The unpublished photographs show him sharing a joke with Brigitte Bardot
with whom he starred in Doctor at Sea in 1955. There are also previously
unseen images of a handsome Bogarde relaxing with a cigarette in his
dressing-room in the late 1950s and bespectacled - filming Esther Waters in
1947 - with a block by his shoe to fix his position at a time when cameras
could not move with ease.
The discovery - which also includes images of Gregory Peck, Laurence
Olivier, Kenneth More and Lean, among many other actors and directors - was
made by Morris Bright, while researching Pinewood Studios: 70 Years of
Fabulous Film-making, a lavish 384-page book on the history of the studio
which is published this week.
Speaking to The Times yesterday, he recalled that the images had not been
catalogued and most bore numbers that did not appear to correspond to
anything.
"The old filing cabinets didn't look as if they'd been opened for 30 or 40
years," he said "People had walked past them for years. They were just two
battered old cabinets. I thought I'd seen it all, having written books over
ten years. But to stumble across such pictures for the first time is
incredible." He will publish a large number of the photographs for the first
time in his book, which has a foreword by the Oscar-winning actress Dame
Judi Dench, a former Pinewood Studios actress.
She writes in the book: "Such images have been painstakingly researched to
bring us more than just the usual shots of our favourite films and it is
these behind-the-scenes images that really captivate."

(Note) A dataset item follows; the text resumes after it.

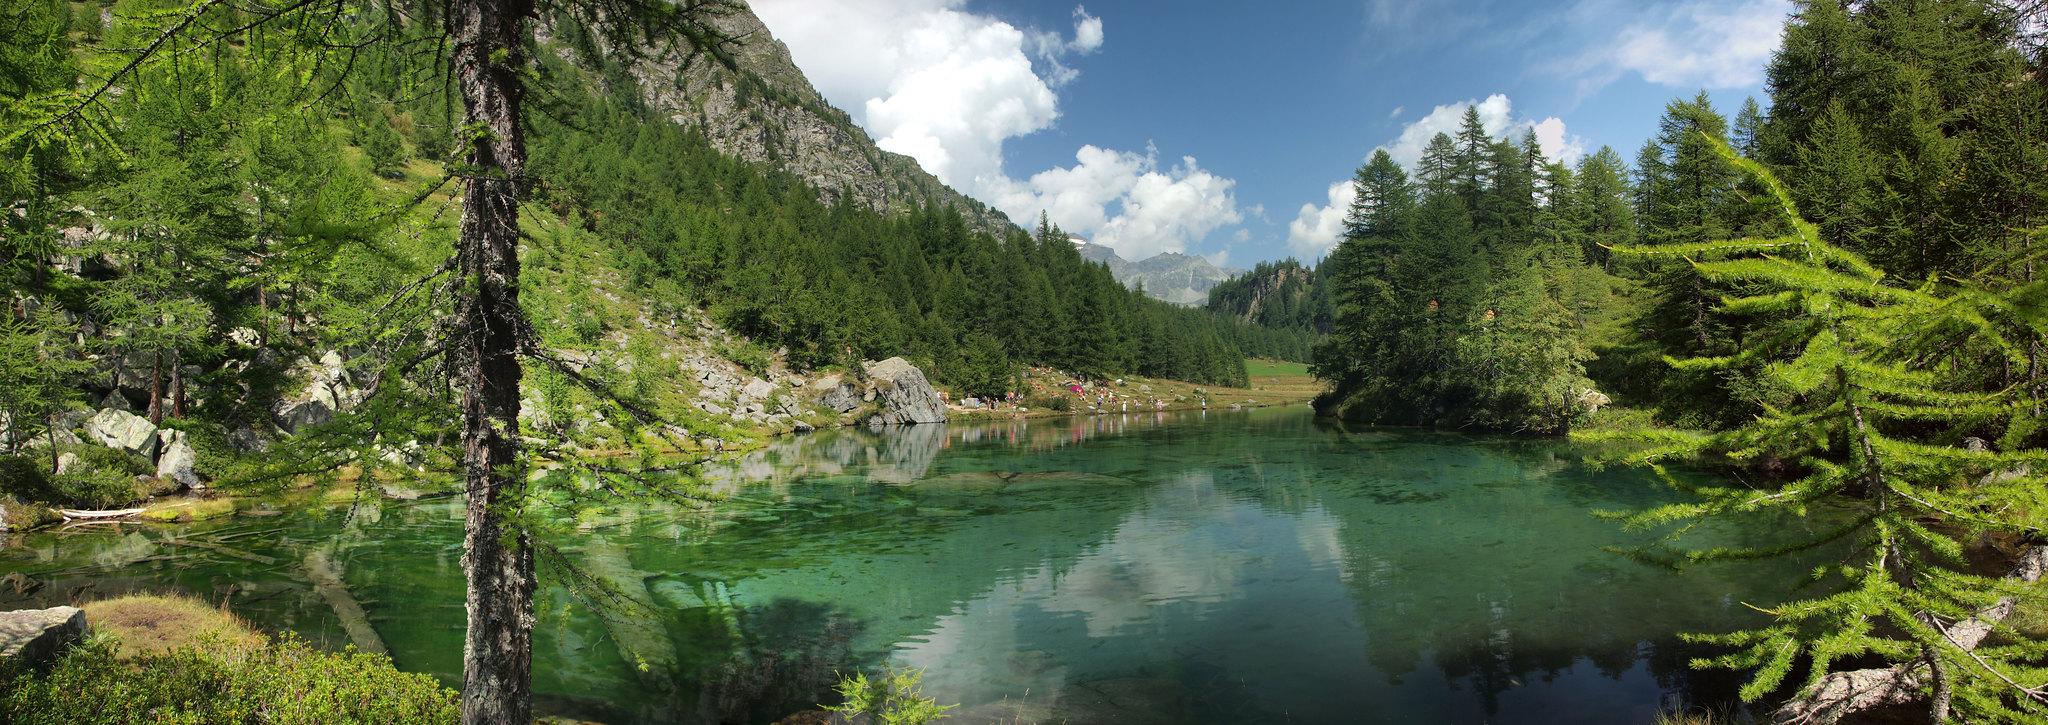 lago delle streghe leggenda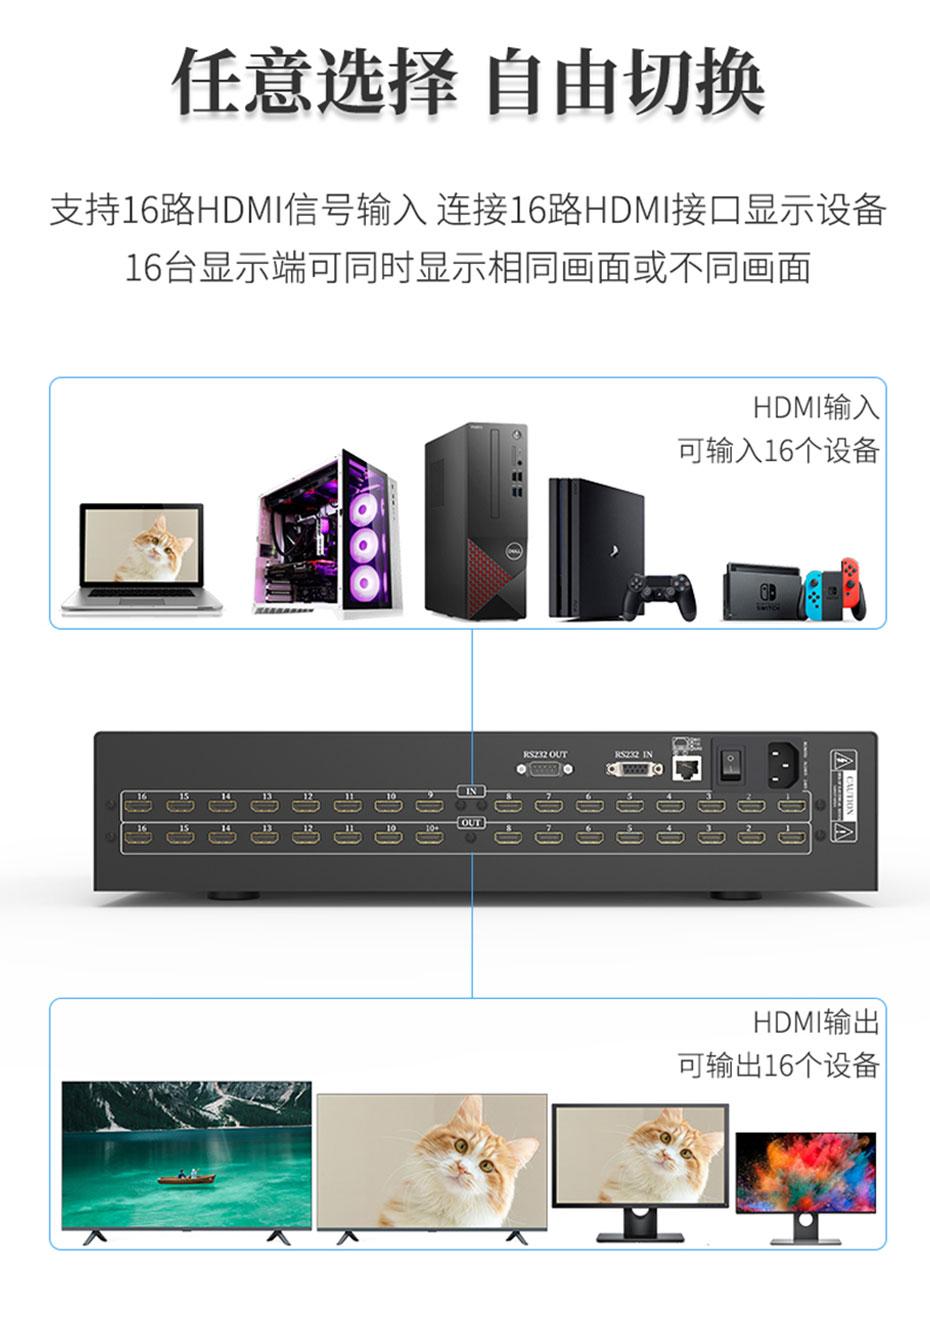 HDMI矩阵16进16出1616H随心切换输入与输出

Other unpublished images show Trevor Howard - who made his name as the
romantic lead in Lean's Brief Encounter in 1945 - messing about with the
beautiful French actress Anouk Aimée, showing her the finer points of
cricket during a break in filming Golden Salamander in 1949.
Directors also feature prominently in the archive. Alfred Hitchcock, master
of the thriller genre, was caught unawares while in a music recording
session for Frenzy, his first British film in two decades, made at Pinewood
in 1971.
On being shown the photographs of Hitchcock and Bogarde, John Russell
Taylor, the film historian, said: "I have never seen any of these images
before. The Hitchcock one is particularly interesting because it's quite
rare to have him caught off-guard and looking like a person, rather than
playing Alfred Hitchcock, which is what he usually did."